Muleka's debut album was "Karibu", based on the name of the trio between him, Mwaba and Manoela. It was released at the end of 2012 and includes guest participations from their friends. He was later quoted as saying "The things that we had discovered in it, we applied to "Feijão e Sonho". We better defined the roles on the album, we aggregated more people to play and to compose the graphic material. The idea is that for every new work, we would be able to learn to lead with these things from the musical world post-composition."

Muleka is a free-style artist adept to various languages and who performs as a visual artist, singer, composer, and multi-instrumentalist, having released the albums Karibu (2013), with Trio Karibu, Feijão e Sonho (2015), Caruagem (2018), Fauno Aflora (2016), and Algorítmico (2021); along with having directed works by artists such as his sister Marissol and Ipomea Urutau. The artist also released an EP, Ovo, and a single, Desempenho, in 2020. Beyond those works, Muleka has collaborated with various artists, that, according to him, always came about from affectio and included a guest appearance by Chico César in an album, as well as guitar arrangements in Luedji Luna's debut album, Um Corpo no Mundo, in 2017. Along with this, he took part in the track "Notícias de Salvador" by Luna, which he co-authored with his sister Marissol. This would be followed by the 2020 album Bom Mesmo É Estar Debaixo D'Água, the result of a collaboration between Luna and Muleka.
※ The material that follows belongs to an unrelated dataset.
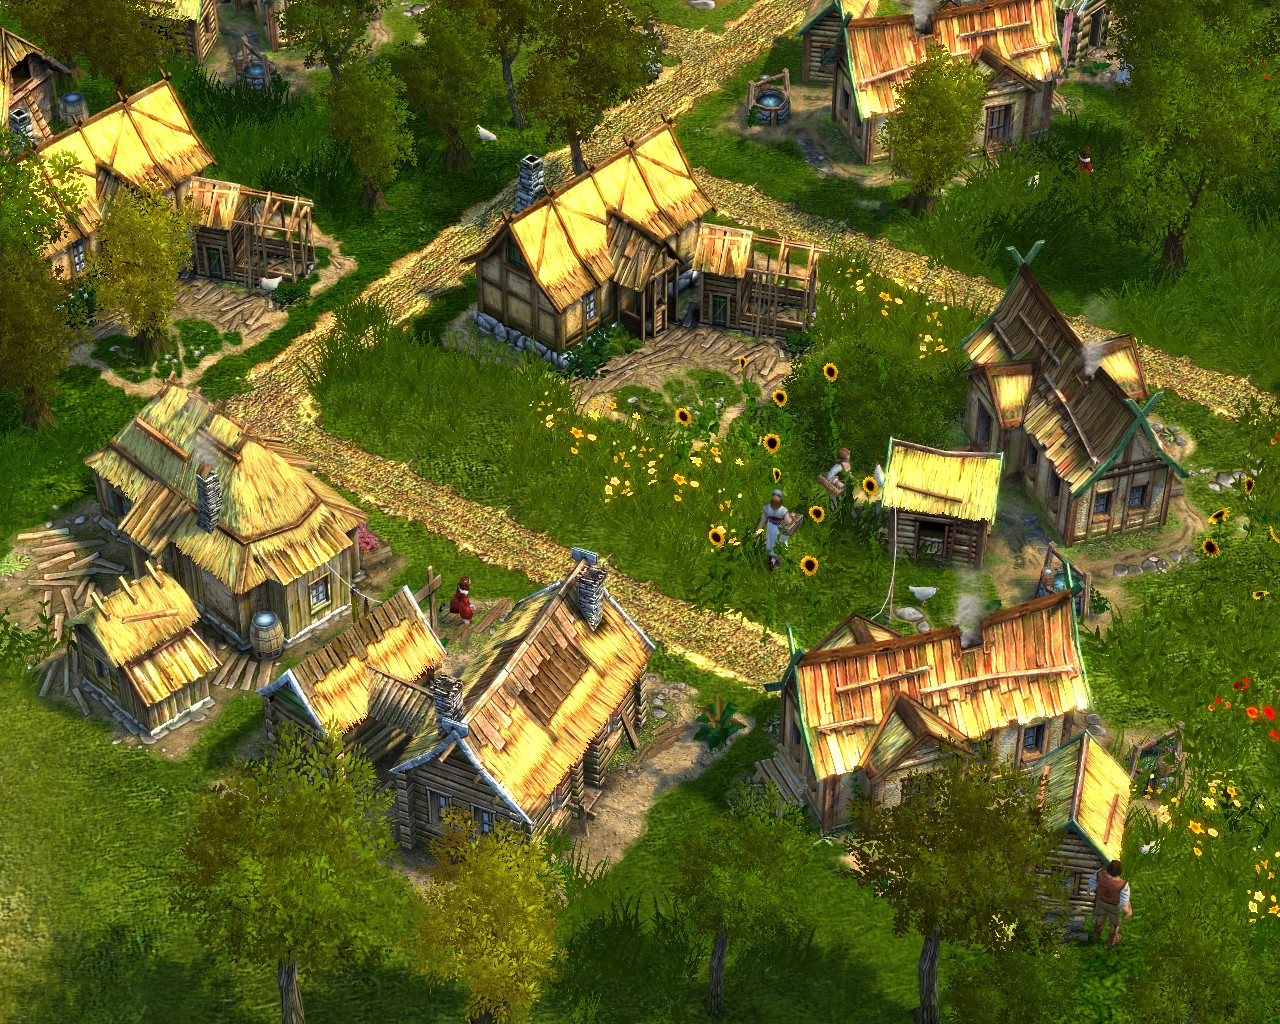 1701 ad game download
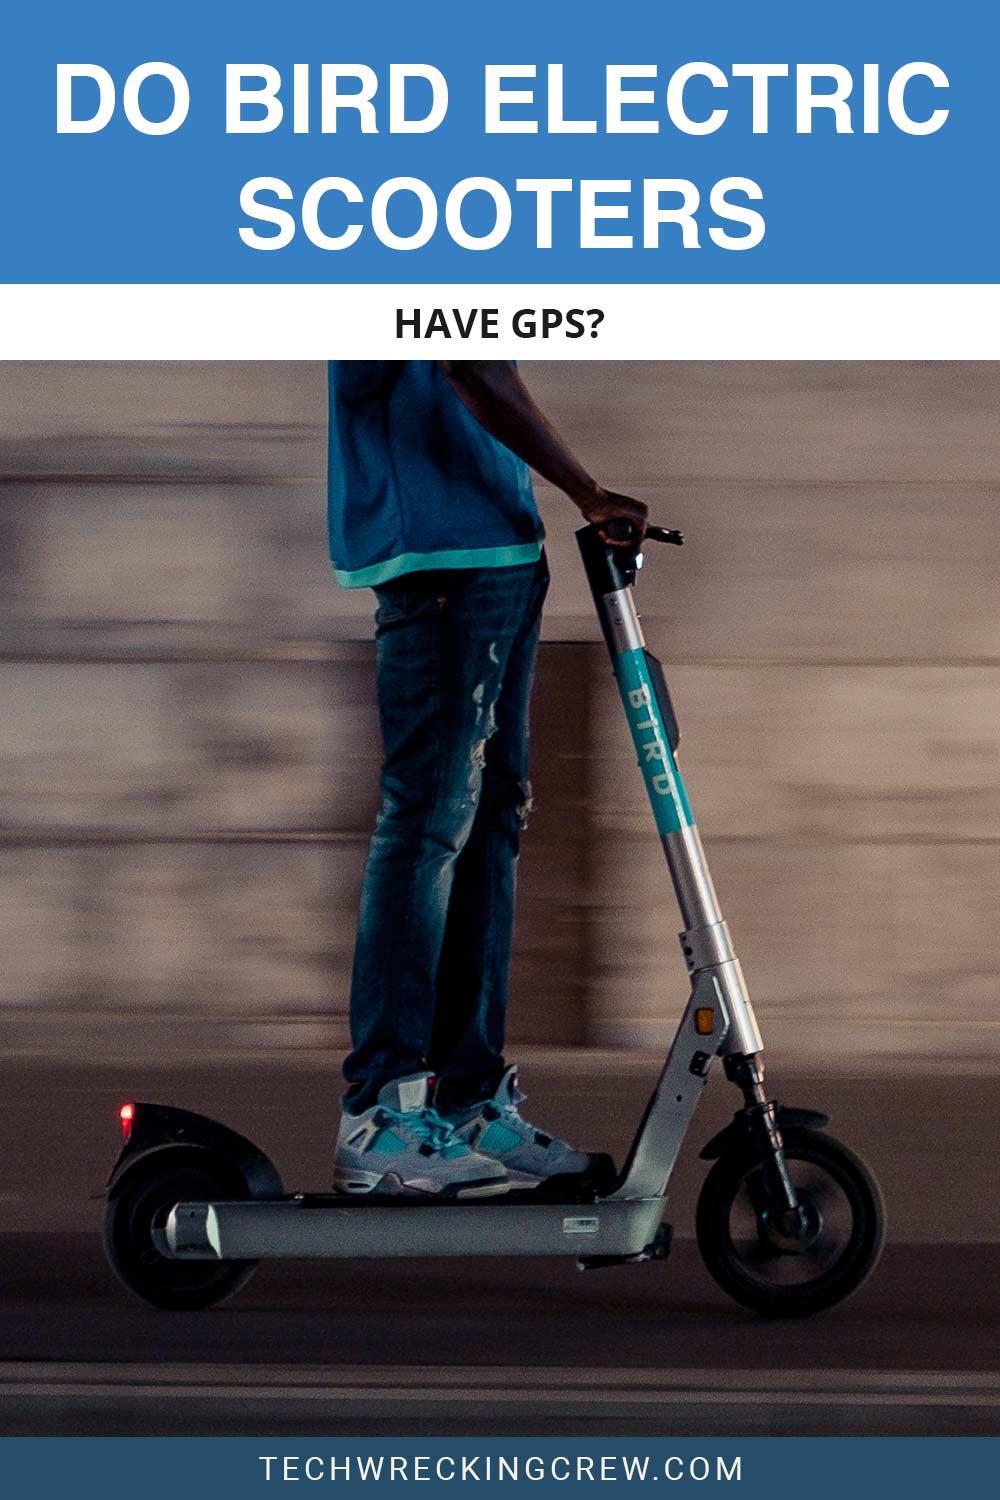 Do Bird Electric Scooters Have GPS?

He wrote several songs on the album, including "Chororô" and the titular "Bom Mesmo É Estar Debaixo D'Água".

In 2018, he created the Psicodelicado exposition, which contains visual puns in India ink and portraits that reveal zones of tension buried between diverse levels of the reading of interspliced images, in which they highlight figures that are called "people on the wall". The electric bass is his most beloved instrument and he has taken it to various prestigious events such as Mostra Cantautores and Rock in Rio.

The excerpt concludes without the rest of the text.